Each complex has up to three name categories: firstly, a mandatory recommended name that is either taken from the GO or is the most commonly used name in the literature. In parallel, missing terms are added to the GO and the protein complex hierarchy within the GO is being revised and augmented. Secondly, additional names for the complex are added to the list of synonyms. Thirdly, in collaboration with Reactome (17,18), we give each complex a systematic name, which is essentially a string of gene names of the complex participants, separated with a colon (:) and stoichiometry indicated, e.g., 2xHBA1:2xHBB for haemoglobin HbA. For further details of the Reactome nomenclature rules, see (19).

Further information on the complex is added by the curator providing a detailed description of its function, and any processes it is involved in, as well as information about properties, such as molecular weight, complex size or internal topology of the complex, where available. Complexes with complete stoichiometry are also annotated with the relevant assembly terms, such as homodimer or heterotrimer. Where applicable, important ligands are listed and short descriptions are given about diseases with which the complex is associated.

To aid data integration and to provide maximum additional information to the user, related classes or instances of the complex in other databases are provided as cross-referenced links. These may include links to ChEMBL, EMDataBank (20), the GO, MatrixDB, PDBe (21) and Reactome. Links to experimental evidence proving the existence and content of a particular complex are provided as IMEx (International Molecular Exchange Consortium (22)), IntAct, MINT, MatrixDB or DIP cross-references and, as indicated, ECO codes are used to further indicate the level of evidence available for the complex. For enzymes we provide a link to the Integrated relational Enzyme database (IntEnz (23)). When a complex is involved in a disease we provide cross-references to Online Mendelian Inheritance in Man (OMIM, http://omim.org/), Experimental Factor Ontology (EFO) and/or Orphanet (http://www.ebi.ac.uk/efo/about.html and http://www.orphadata.org/cgi-bin/inc/ordo_orphanet.inc.php). As EFO is in the process of compiling a new disease ontology we will progressively be cross-referencing to EFO/Orphanet/ORDO. Further information in the literature on the complex, such as an appropriate review or a functional study, is cross-referenced to Europe PubMed Central (24).

All complexes are annotated to GO terms. Every complex is annotated to at least one cellular component term and to relevant molecular function and biological process terms for the complex as a whole, rather than annotation of individual components as is the focus of other annotation efforts. New terms are created as appropriate.

WEB APPLICATION, WEB SERVICE AND DOWNLOAD OPTIONS

A new index has been built and a public RESTful web service has been provided (http://www.ebi.ac.uk/intact/complex-ws/) for programmatic retrieval of complexes. The current webservice provides only two methods but will be expanded as new features are added. A method ‘/search’ will take as parameter for any CQL query and return a custom JSON which only gives a summary of the existing complexes hitting the user query (complex name, species, description and internal identifier). The user can then get the full details of the complex of interest using the ‘/details’ method which returns another custom JSON describing the complex cross-references, participants, etc.

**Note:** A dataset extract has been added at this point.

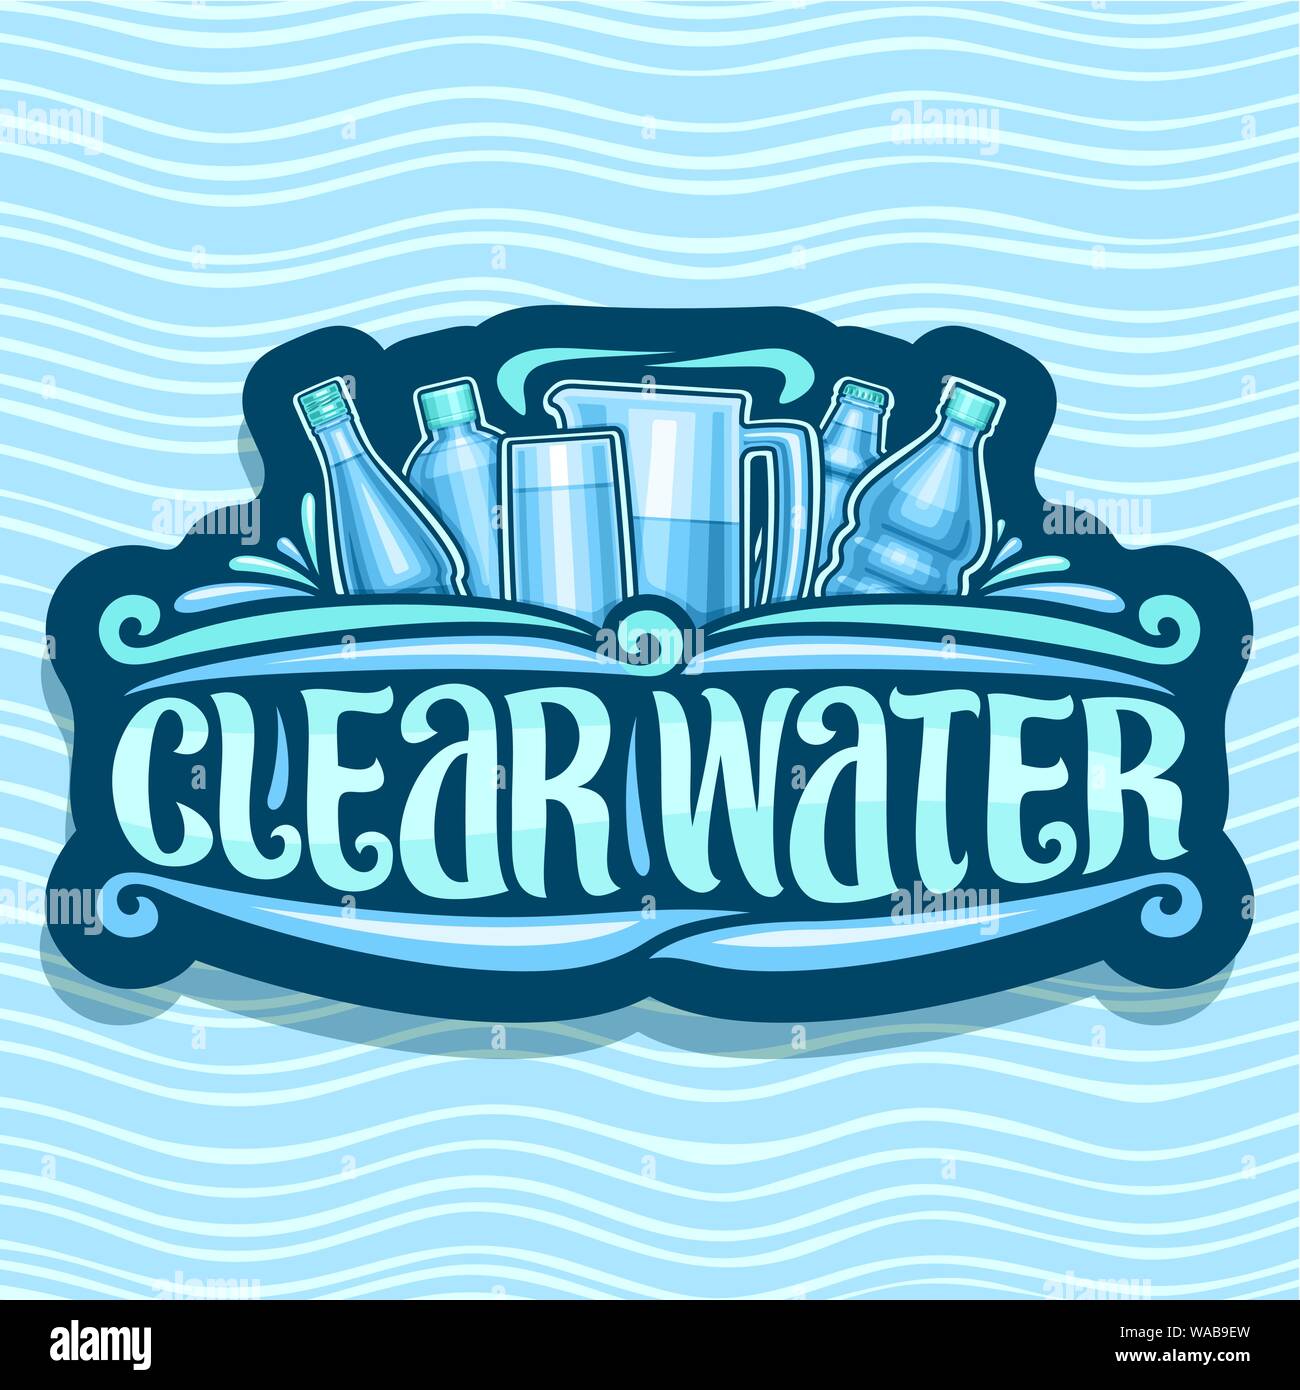 Vektor logo für klares Wasser, dunkle retro Aufkleber mit verschiedenen Plastikflaschen und Kanne mit Glas, original Pinsel Schriftzeichen für Wörter klares Wasser, signb Stock Vektor

The web application has been built on top of the RESTful service for searching and viewing of individual complexes.

Files can be downloaded in PSI-MI XML2.5 format from our dedicated ftp site: http://www.ebi.ac.uk/intact/complex/download/.

COLLABORATIONS AND COMMUNITY INVOLVEMENT

The Complex Portal has been designed to provide a framework in which groups are able to contribute their expert knowledge by annotating complexes within a particular defined area. The IntAct molecular interaction database is responsible for training, data quality, data consistency and long-term data maintenance. While coverage is limited at this early stage of the Portal development, the involvement of multiple contributing groups ensures that this will grow rapidly. We hope that further groups will add to the community effort in the near future, in particular, participation of the plant community would assist in filing this gap in the taxonomic coverage.

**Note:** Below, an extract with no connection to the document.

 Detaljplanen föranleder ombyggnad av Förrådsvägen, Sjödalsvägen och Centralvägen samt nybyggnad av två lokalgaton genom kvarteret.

For suggestions for new complexes to be added to the database and direct submissions please contact us via the <Feedback> link on the homepage or by directly emailing at intact-help@ebi.ac.uk.

FUTURE PLANS

Work is continually ongoing to improve the website, search capabilities and download options. The PSI-MI are currently actively working to provide an improved XML format, PSI-MI XML3.0, for the capture of abstracted data, such as protein complexes. Individual complex download files (in both XML2.5 and XML3.0) will be available from both the list of initial search results and the details page. The filter options will be expanded, for example, to make it easier to extract the experimentally verified complexes from those which have been modelled or inferred by homology.

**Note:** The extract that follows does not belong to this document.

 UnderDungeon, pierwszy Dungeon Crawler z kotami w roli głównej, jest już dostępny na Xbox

Visualization of complex topology is critical and a complex viewer is currently under development that will display the complex participants and its binding features in a flexible, interactive mode from the information supplied in the underlying XML file. The complex viewer will be wrapped in a BioJs (25) component which will be available in the BioJs registry so it can be re-used by other developers wishing to import and display some or all of these protein complexes, or indeed other data presented in the PSI-MI XML format. Other BioJS components, such as a structural viewer, for those complexes which have been fully, or partially, crystallized and patterns of co-expression data for complex components, will also be incorporated. Ongoing activities include improvements to associated controlled vocabularies and further cross-referencing in addition to increasing the content of the Complex Portal.

We constantly try to improve our databases and services in terms of accuracy and representation and actively encourage user feedback. Please contact the IntAct group if you have any questions via the <Feedback> link on the homepage or email us directly at intact-help@ebi.ac.uk. Information about curation is provided at http://www.ebi.ac.uk/intact/complex/documentation/. Extensive documentation and training material on how to best use our resource is available at http://www.ebi.ac.uk/training/networks. Curation groups interested in capturing macromolecular complex data or experimental interaction data who would like access to the editorial tool are encouraged to contact IntAct to discuss this further (intact-help@ebi.ac.uk).

FUNDING

National Institutes of Health [268201000035C]; Biotechnology and Biological Sciences Research Council [BB/L024179/1]; European Molecular Biology Laboratories. Funding for open access charge: European Molecular Biology Laboratories Core Funding.

Conflict of interest statement. None declared.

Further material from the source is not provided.